I'm afraid this isn't going to be a particularly interesting post, just a reflection of various things.
Firstly, I would like to offer those that have read my CFS/ ME blog post the most heartfelt thanks <3 considering struggling with words and thinking clearly is one of the symptoms of the illness that I find the most frustrating, it feels very surreal to have had such positive feedback telling me I've explained the illness really well! You are all more than welcome to share it with your friends if it helps them understand in any way. I'm sorry it's so long, I wish I could have made it shorter but there's so much to say - I could have gone on for much longer as well!
On the back of the blog post and the lovely feedback it got, I am planning to make a YouTube video based on what I talked about, purely as another way of hopefully raising awareness and trying to provide people with an insight into the illness.
I'm very excited about having the opportunity to share it in such a public way, though incredibly nervous because I'm self-conscious and I'm opening myself up not just to potential criticism for what I say, but also for how I say it and how I look etc. Because I was picked on in school I'm really worried about those sorts of things - but hopefully I won't receive any nasty comments so it won't matter ;-)
In other news, I started Duloxetine today. I was on Venlafaxine 150mg. To transfer me on to Duloxetine smoothly, my GP moved me down to Venlafaxine 75mg which I was on for a week, which ended yesterday. I haven't had any side effects from the Duloxetine that I've noticed but obviously it's very early on so my body might not be responding yet. I do think that I'm feeling the drop in dosage of Venlafaxine now though (obviously a delayed reaction). Last time I was reduced to 75mg I felt very, very foggy mentally and felt like I was looking at everything and nothing was registering, that sort of thing. That sensation is back again. I hope it goes away over the next couple of days as the Duloxetine kicks in but we'll see. On the plus side, today's actually been good M.E.-wise. I haven't been as bad as I usually am so it was nice to have a bit of freedom with what I could do.
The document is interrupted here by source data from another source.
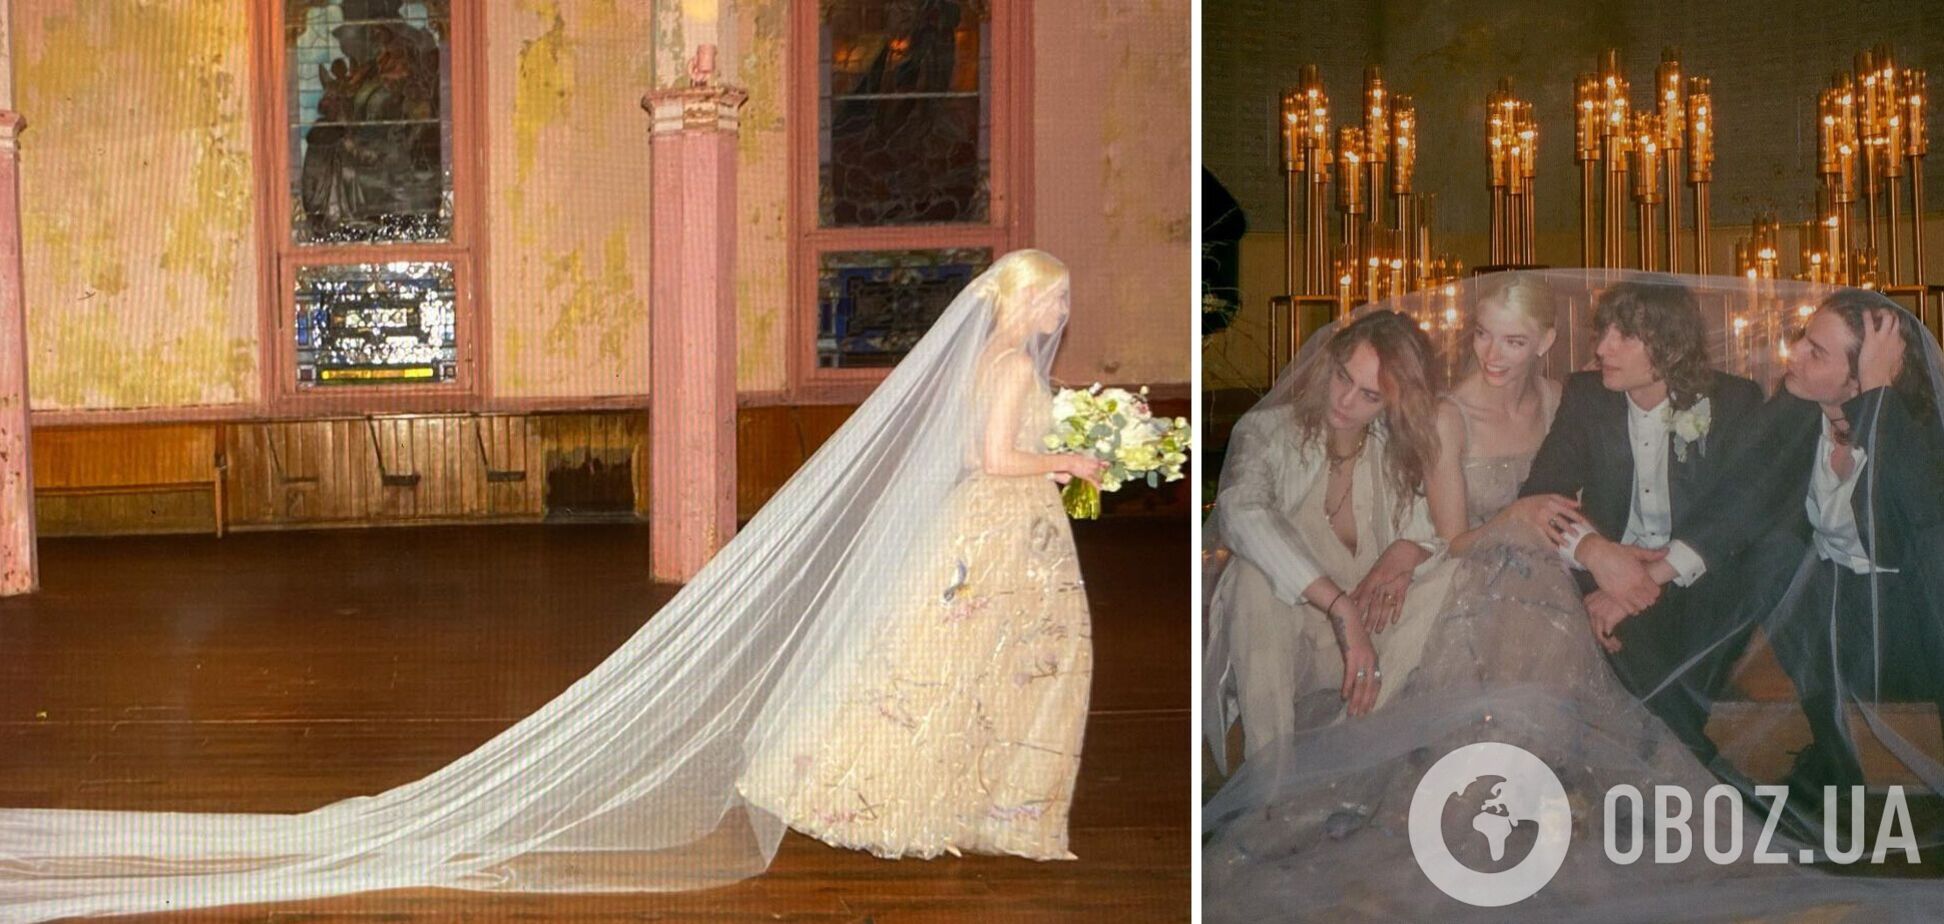 Аня Тейлор-Джой впервые показала фото со своей тайной свадьбы в 2022 году и засветила 'кровавый' торт в виде анатомических сердец
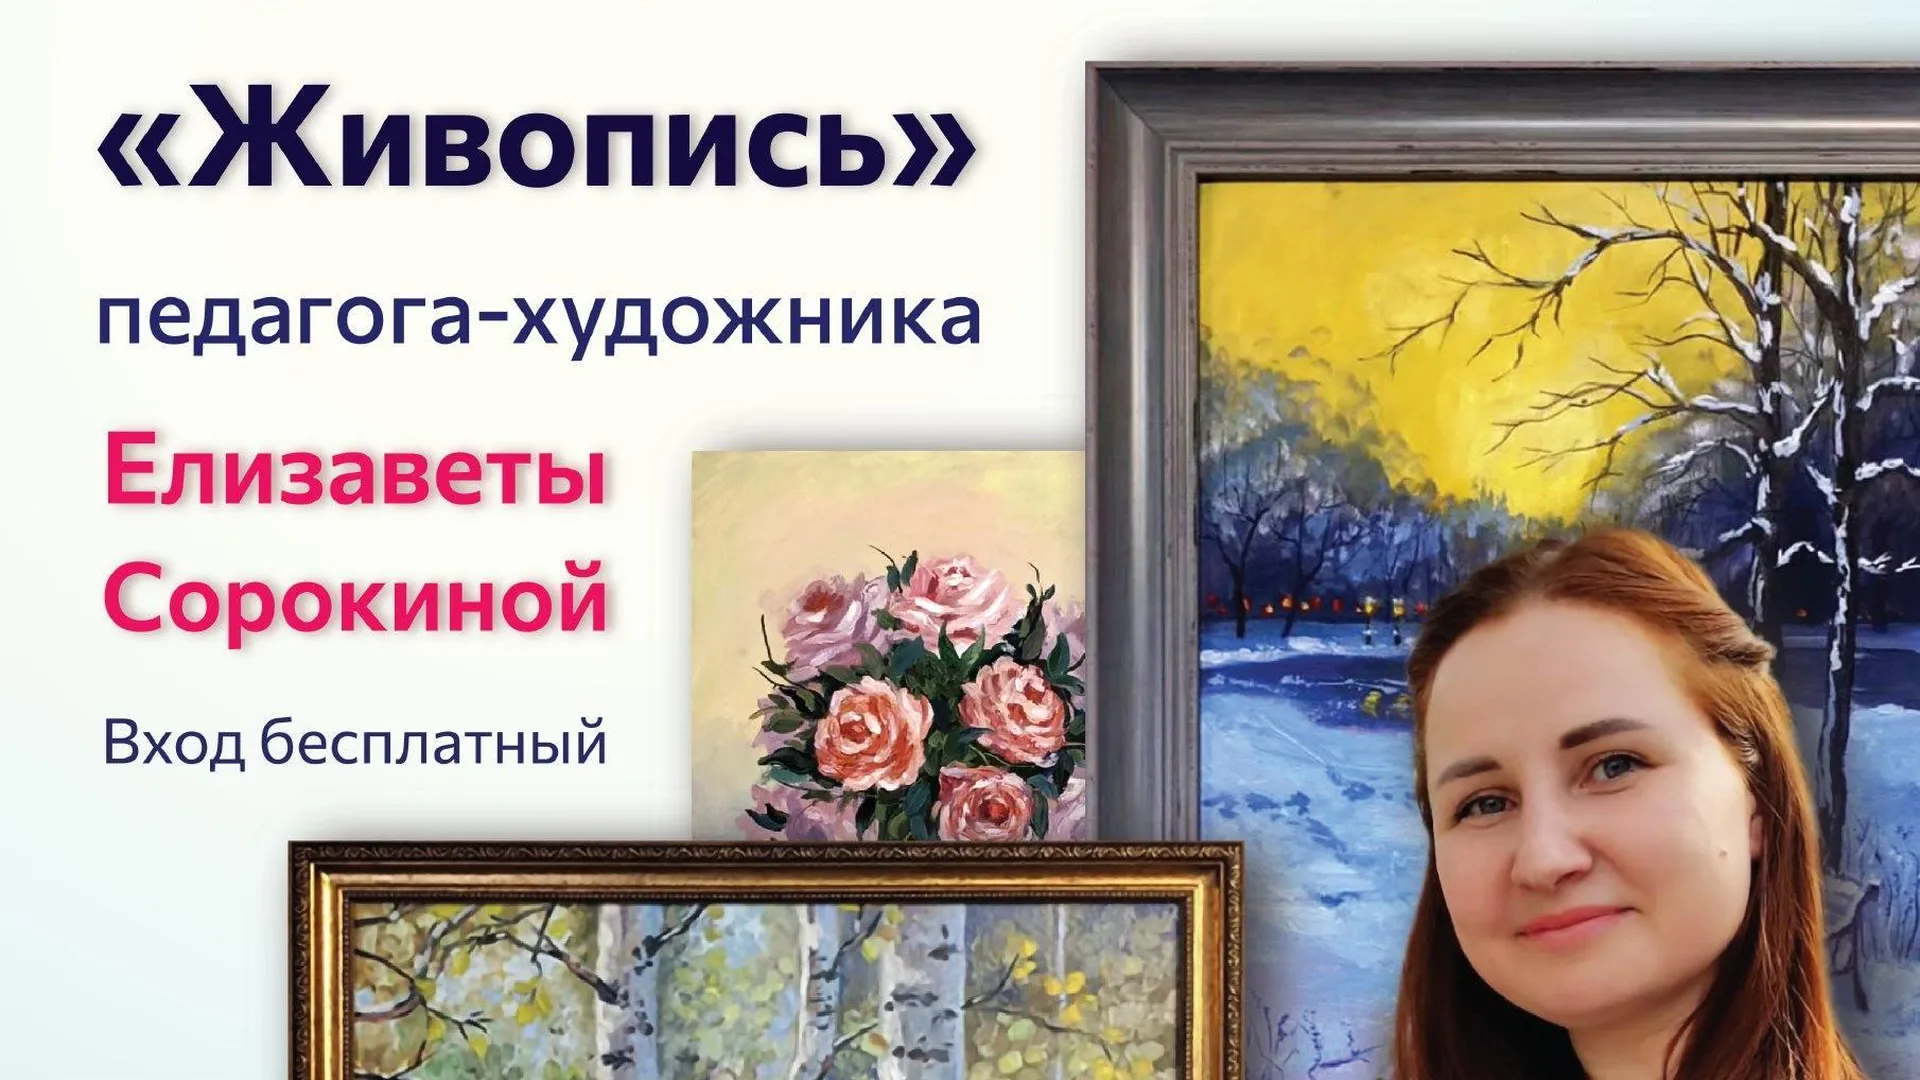 В Ногинске 24 марта откроется выставка работ педагога‑художника Елизаветы Сорокиной
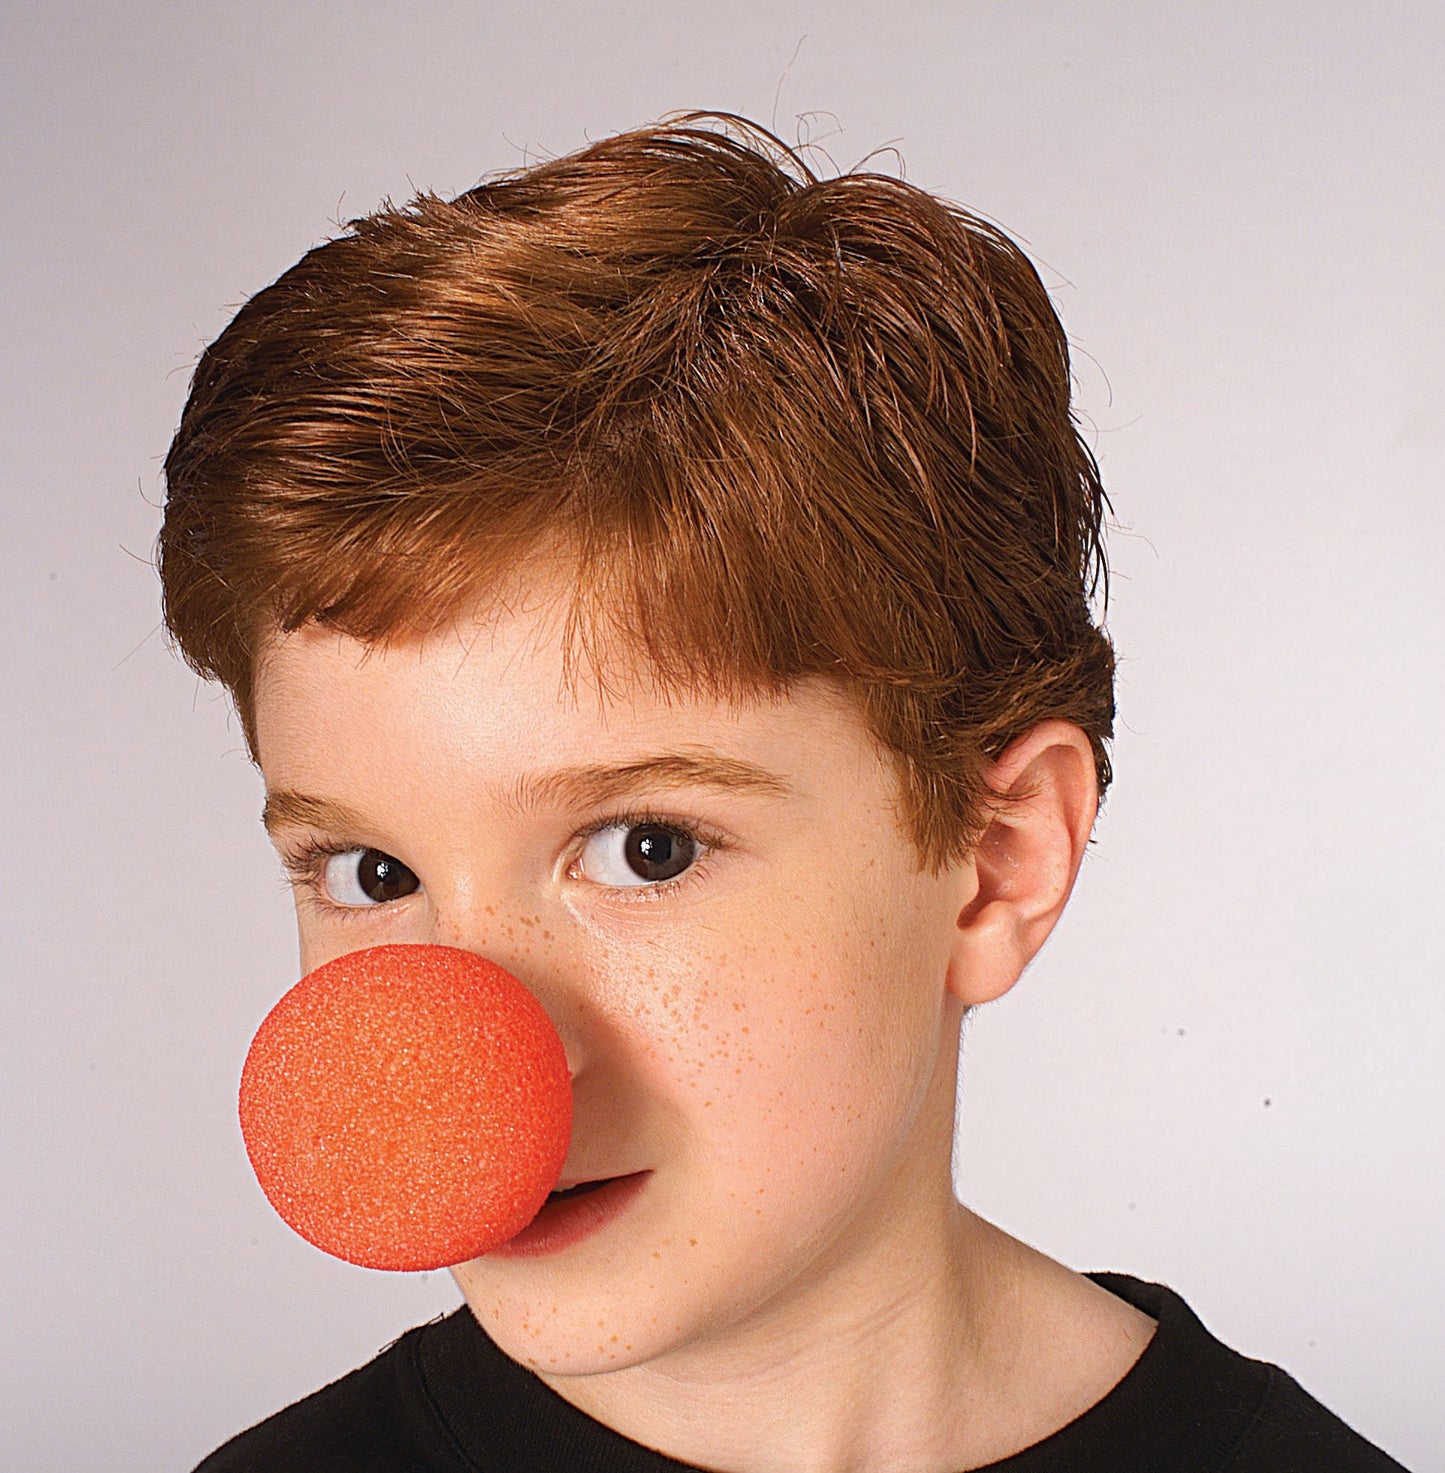 Foam Clown Nose: Red
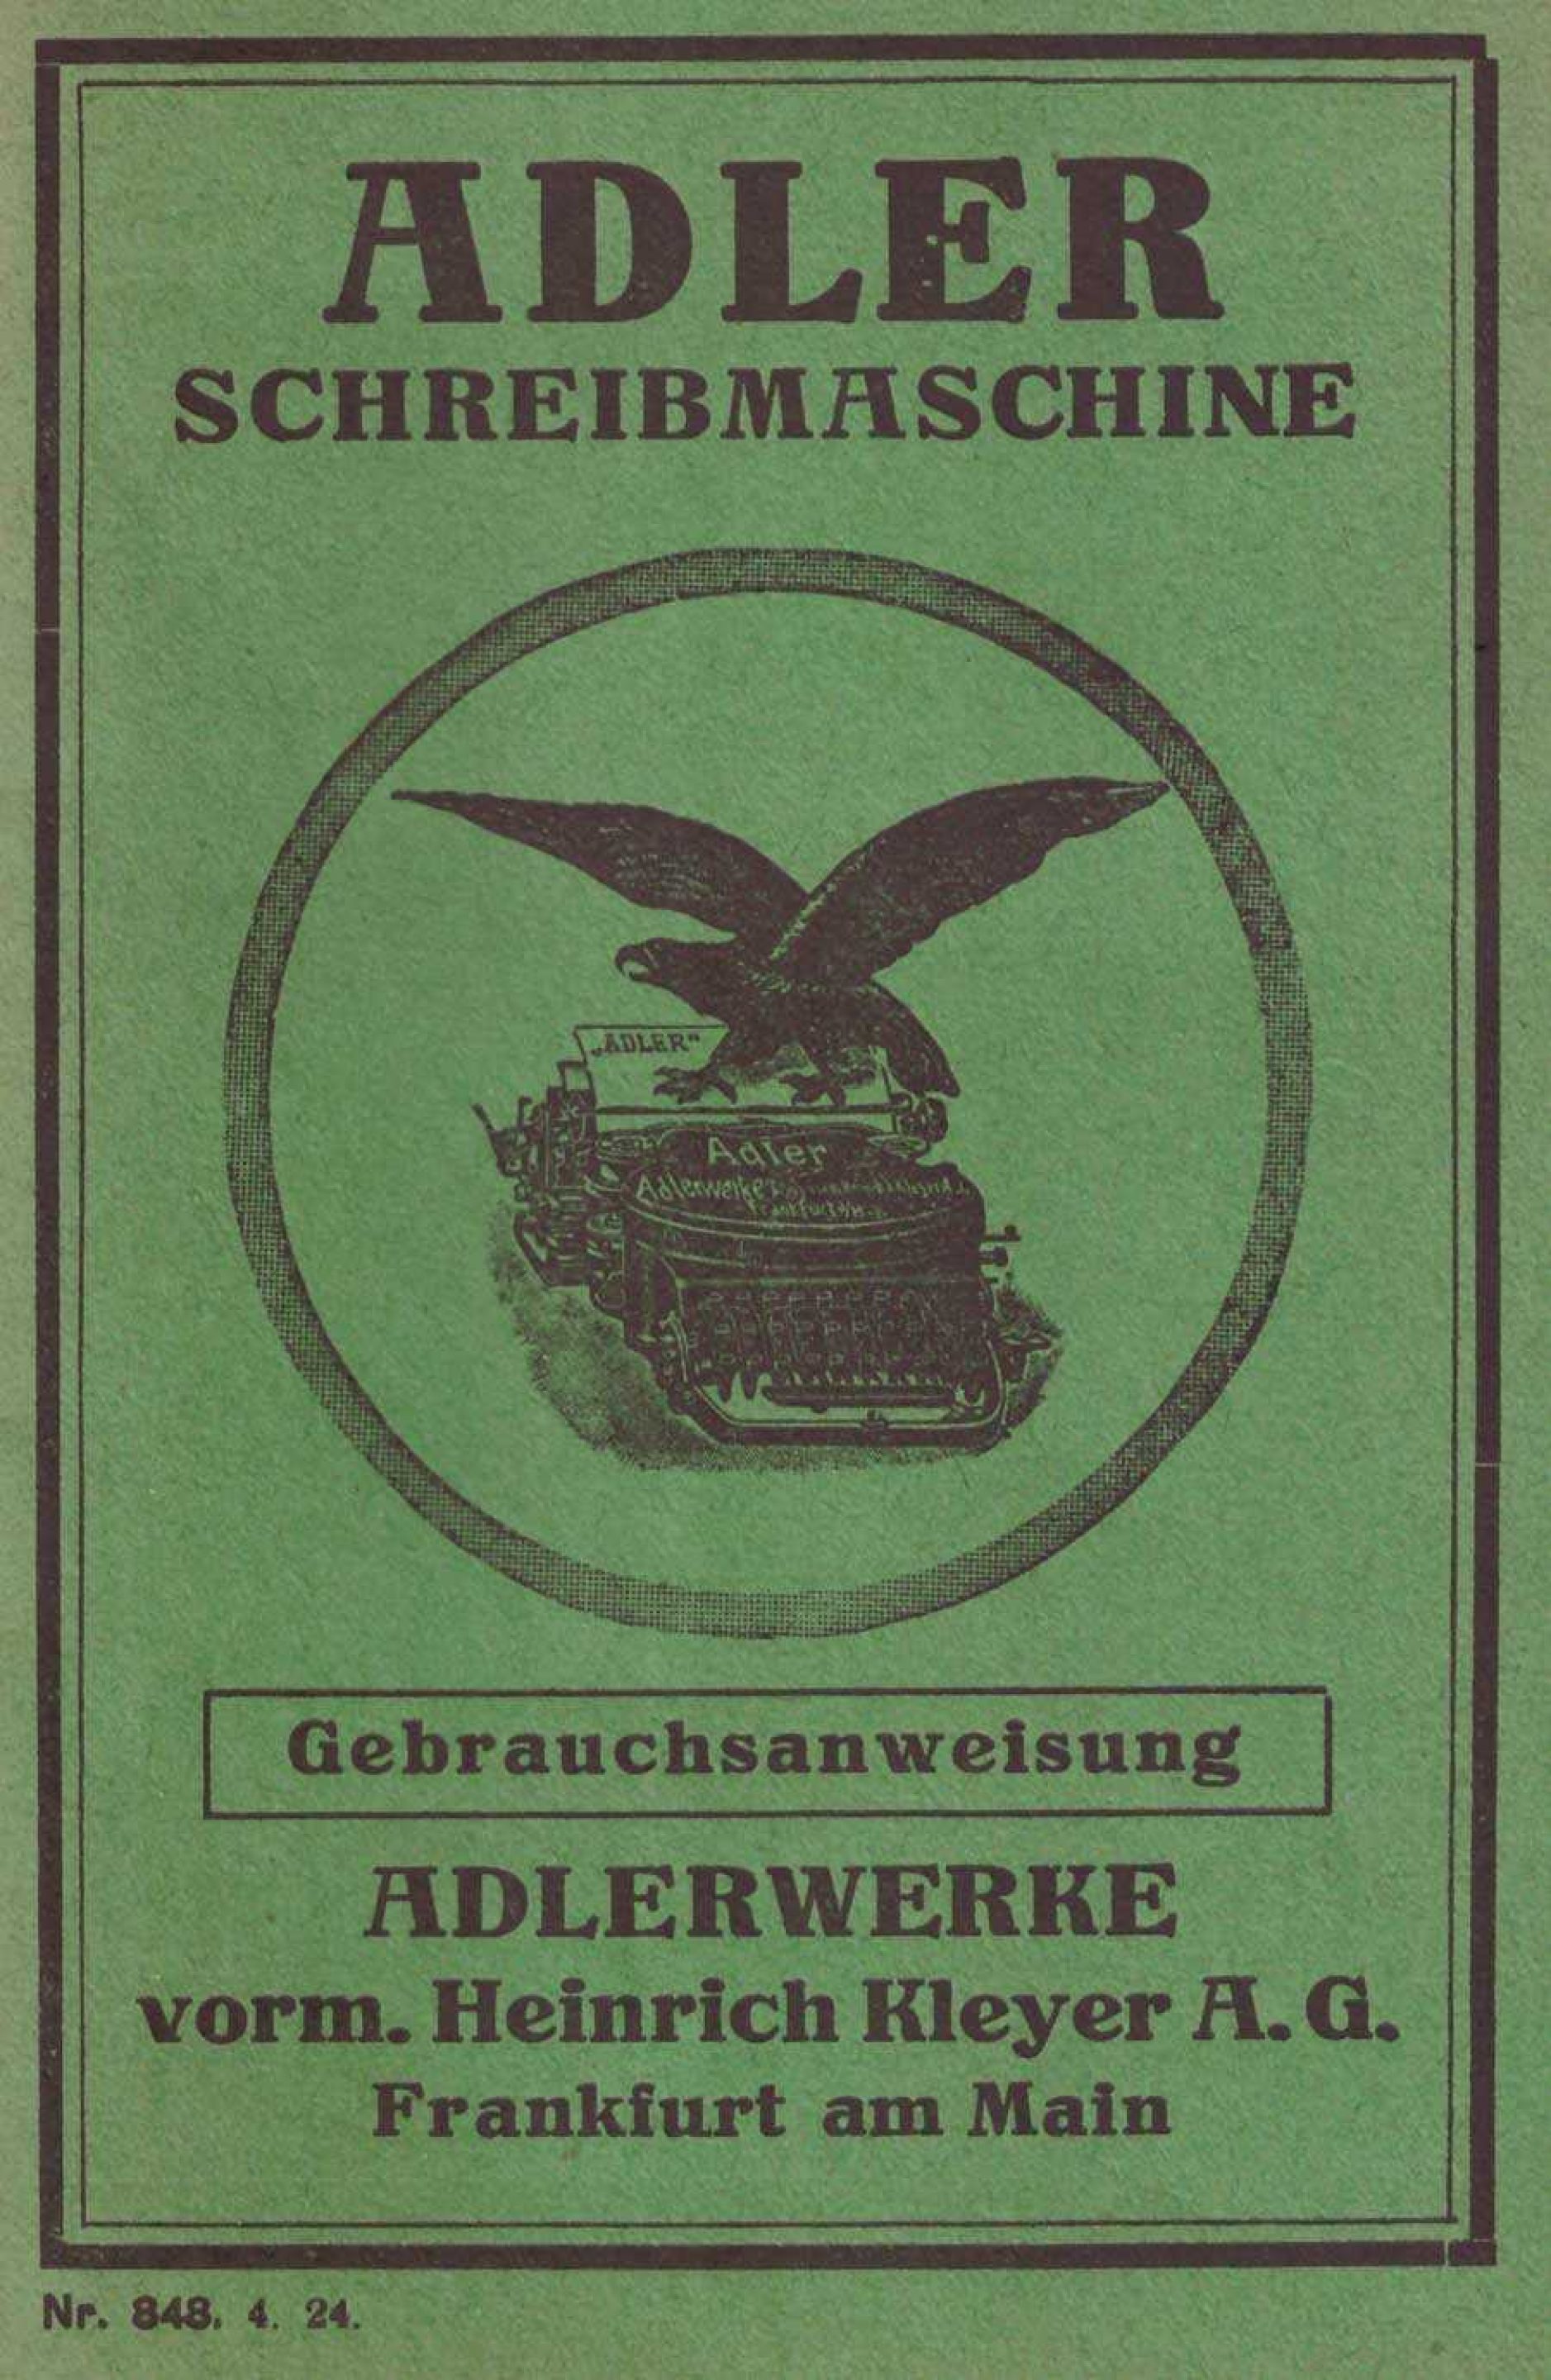 Adler Katalog Schreibmaschine web

What is bugging me at the moment is uni work. I have a 5000 word project overdue from May. I can't concentrate for long enough, I can't analyse deeply enough and I can't think clearly enough to grasp the ideas I want to write about, to conceptualise such complicated stuff. I study History, and the question is "how is the body depicted in Leni Riefenstahl's 'Olympia'?" (a film from 1936) so it's even harder - trying to work out how to analyse the film, what order to do so in, what to say about it, what I want my argument to be, which historians I'm going to bring in, and how to make it 'historical' rather than something more suited to film studies. I'm not very good at analysing visual images, especially when it's a documentary about the Olympics :| I also have two completely different opinions about the film but if I write them both I'm just going to contradict myself. What's worse is the department are so fussy and so bloody finicky about what they like in an essay, I have no idea what makes a 'good' essay and am struggling to work out exactly what it is I'm meant to be aiming for. I'm just really hitting a barrier with this and it's very very very frustrating as all I want to do is finish it and have a break, and not feel guilty for not doing uni work. I have two exams in September that I need to start revising for but the longer I work on the project the longer I put off exam revision as I can't cope with doing both at the same time.
Other than that there's not much going on, but eurgh I'm struggling.